As I was reading the various chapters of the book, I was reminded of the enthusiasm Uday has for learning and knowledge. He communicates the concepts described in the book with clarity and with the same passion. I am positive that you, as a reader, will feel the same. I will certainly keep this book as a personal resource for the courses I teach, and strongly recommend it to my students.

Dr. Carlotta Domeniconi

Associate Professor of Computer Science, George Mason University

About the Authors

Dr. Uday Kamath is the chief data scientist at BAE Systems Applied Intelligence. He specializes in scalable machine learning and has spent 20 years in the domain of AML, fraud detection in financial crime, cyber security, and bioinformatics, to name a few. Dr. Kamath is responsible for key products in areas focusing on the behavioral, social networking and big data machine learning aspects of analytics at BAE AI. He received his PhD at George Mason University, under the able guidance of Dr. Kenneth De Jong, where his dissertation research focused on machine learning for big data and automated sequence mining.

I would like to thank my friend, Krishna Choppella, for accepting the offer to co-author this book and being an able partner on this long but satisfying journey.

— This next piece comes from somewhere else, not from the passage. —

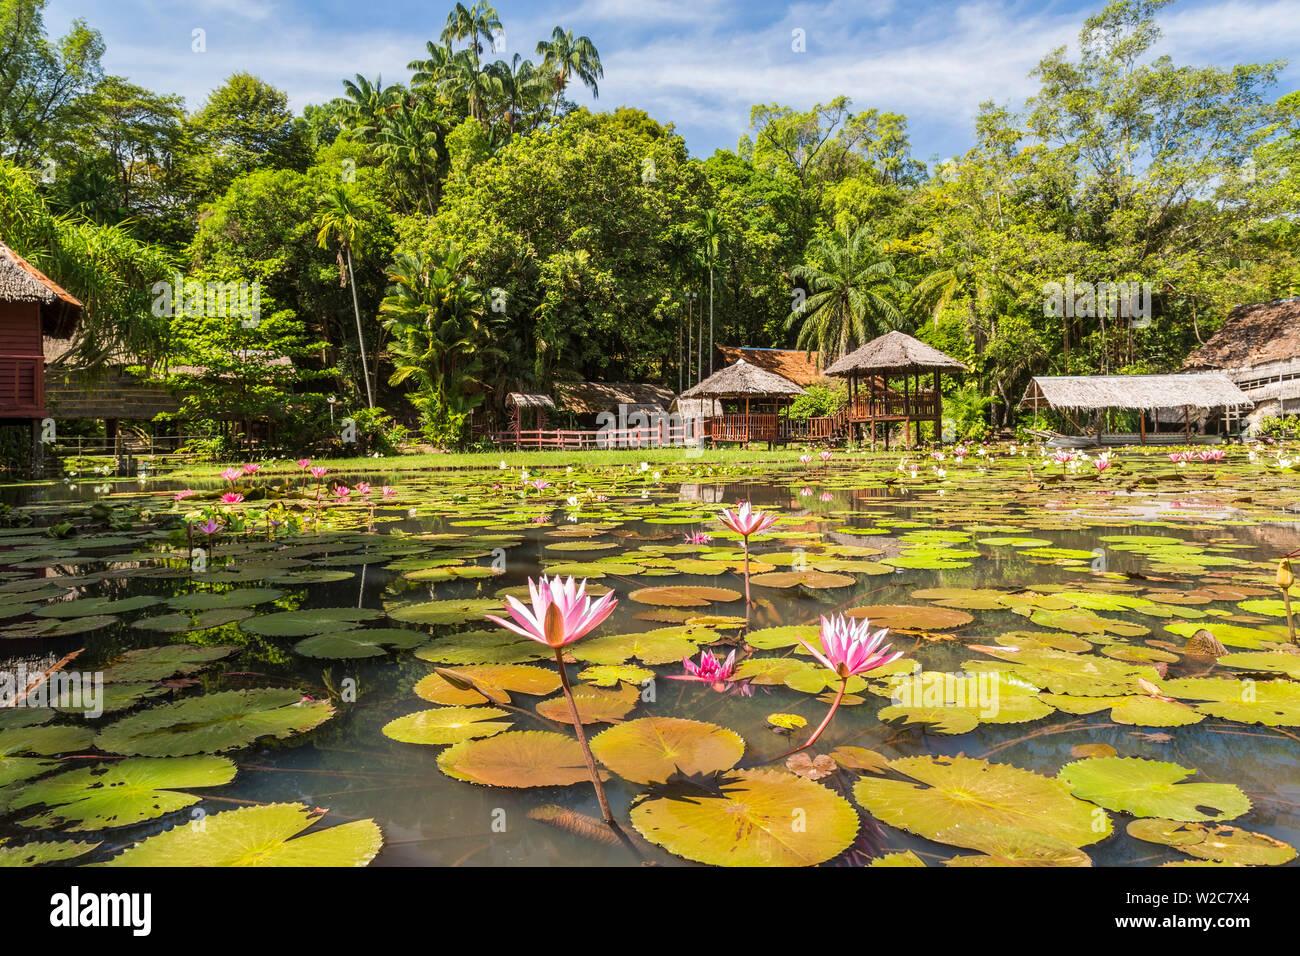 Heritage Cultural Village & water lillies, Sabah State Museum, Kota Kinabalu, Sabah, Borneo, Malaysia - Stock Image
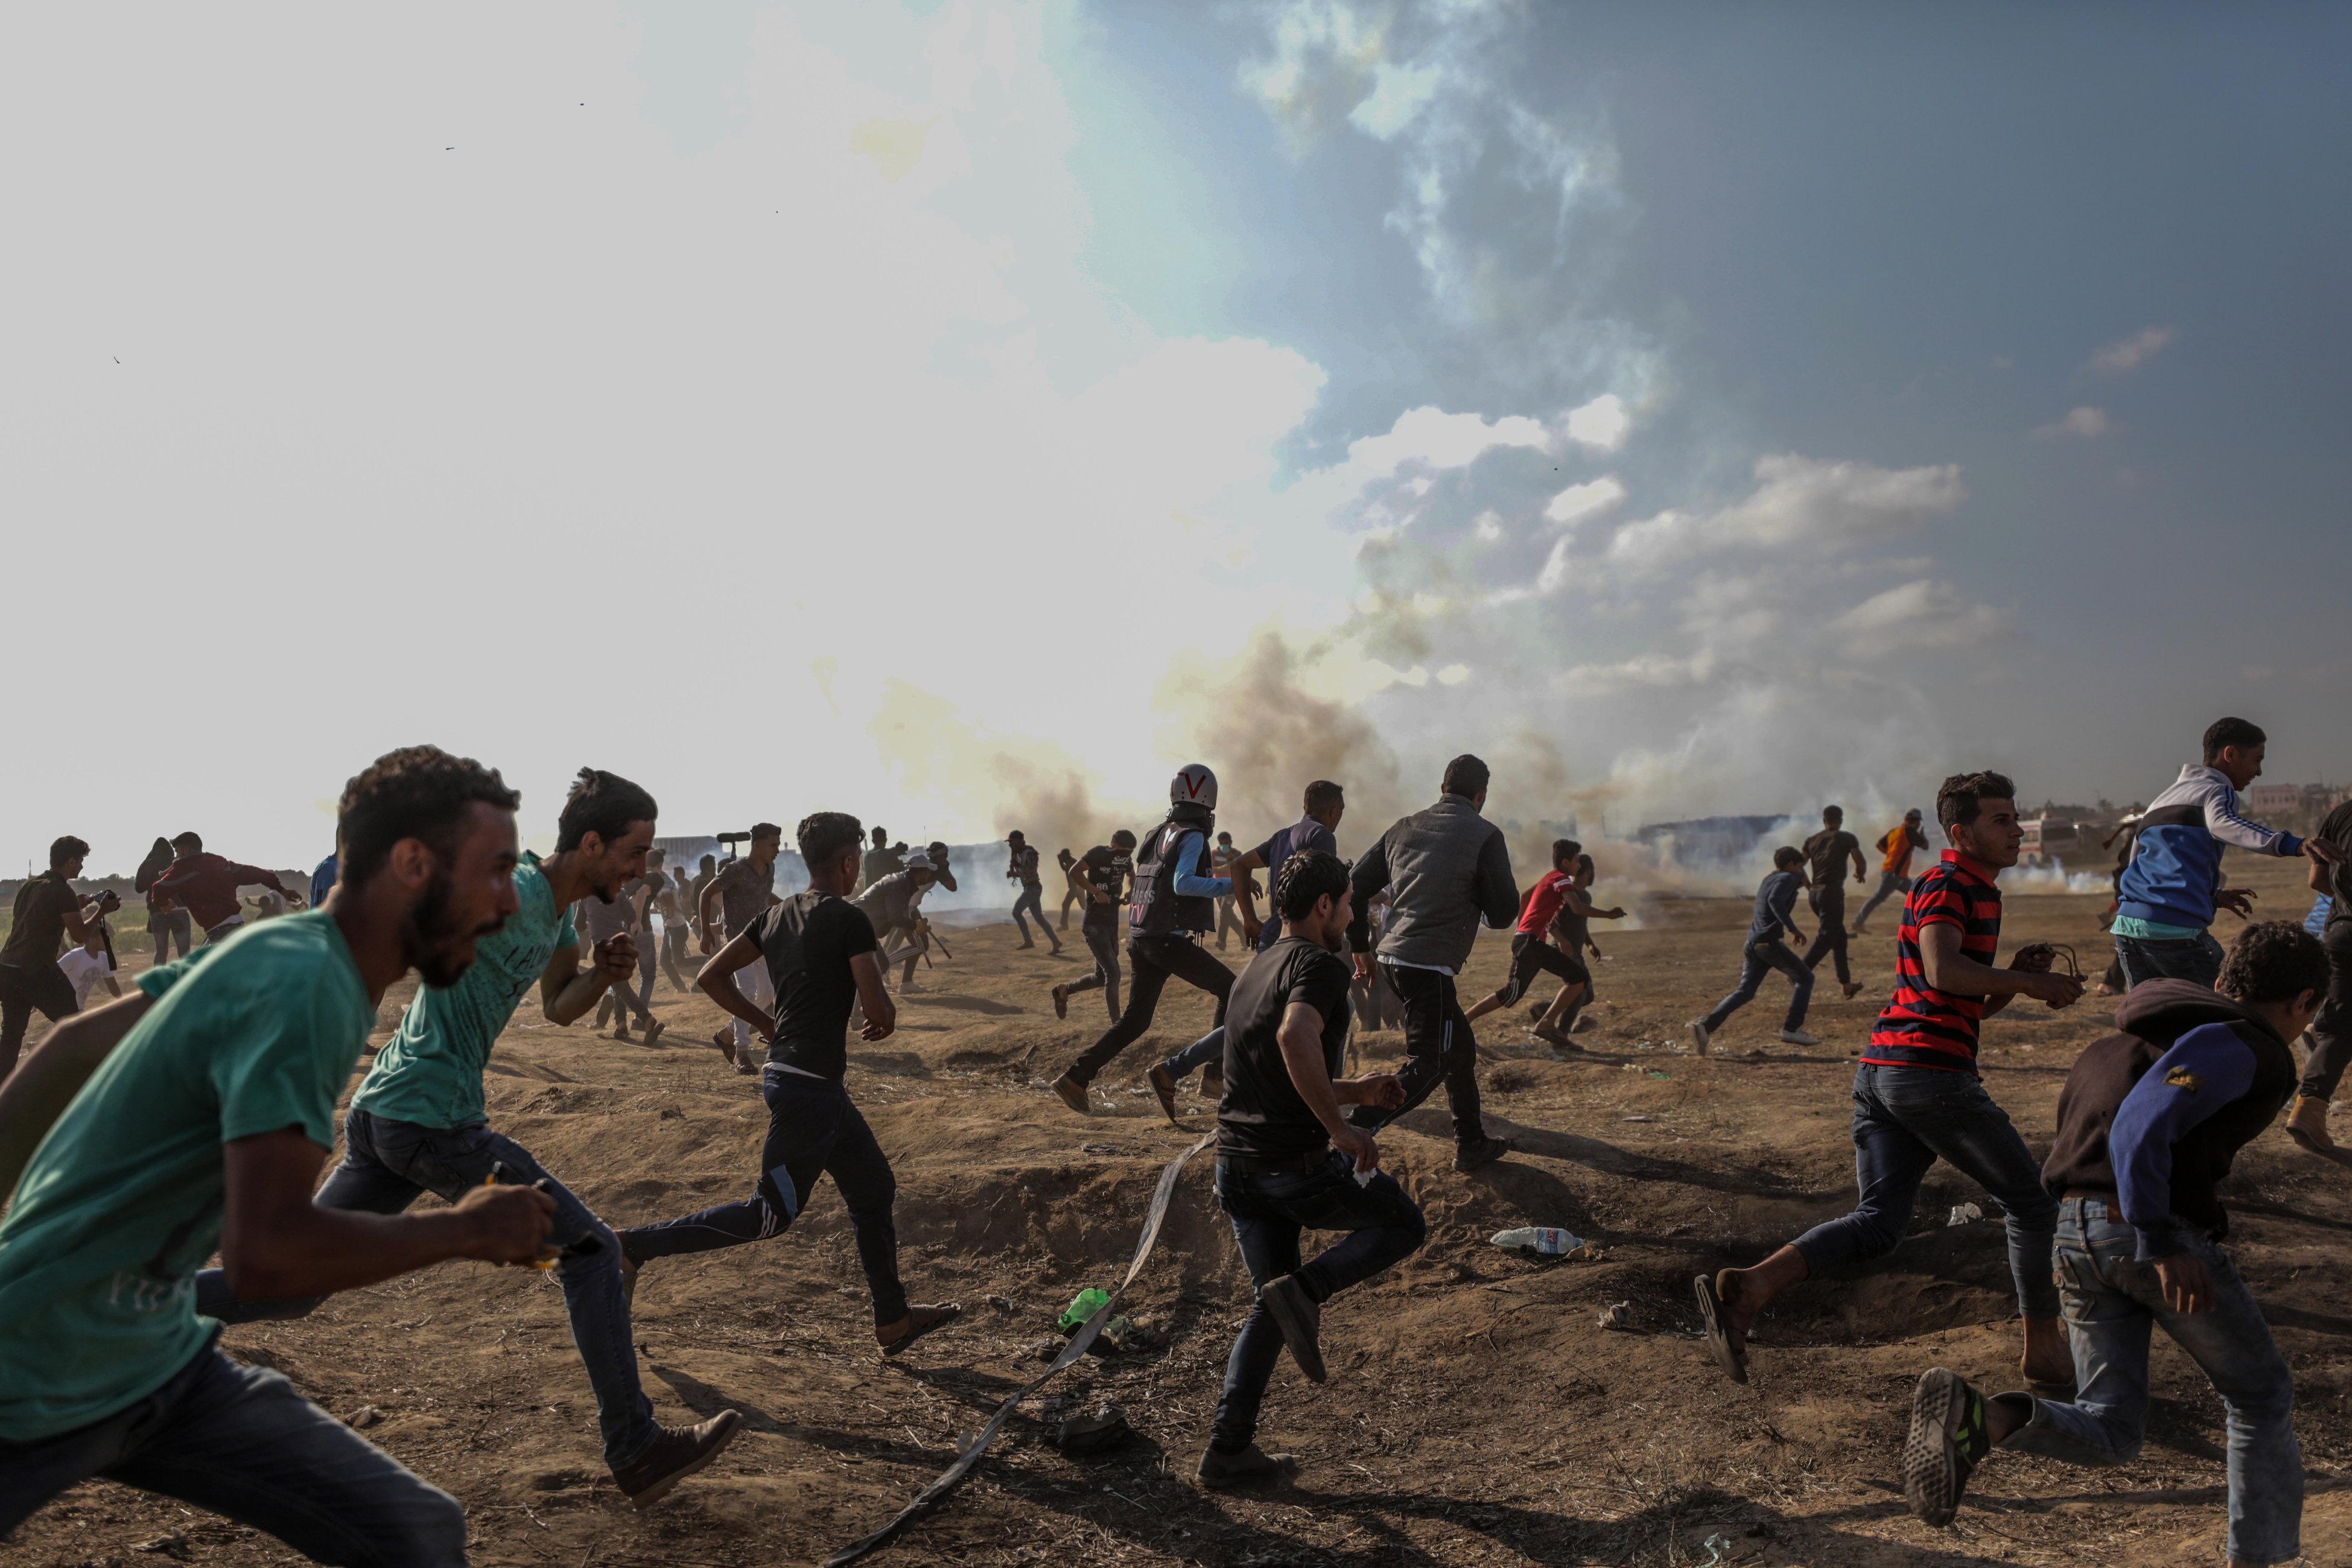 Izrael tvrdi da je Hamas smanjio prosvjede u Gazi nakon pritiska Egipta

Heartfelt thanks to our reviewers, especially Dr. Samir Sahli for his valuable comments, suggestions, and in-depth review of the chapters. I would like to thank Professor Carlotta Domeniconi for her suggestions and comments that helped us shape various chapters in the book. I would also like to thank all the Packt staff, especially Divya Poojari, Mayur Pawanikar, and Vivek Arora, for helping us complete the tasks in time. This book required making a lot of sacrifices on the personal front and I would like to thank my wife, Pratibha, and our nanny, Evelyn, for their unconditional support. Finally, thanks to all my lovely teachers and professors for not only teaching the subjects, but also instilling the joy of learning.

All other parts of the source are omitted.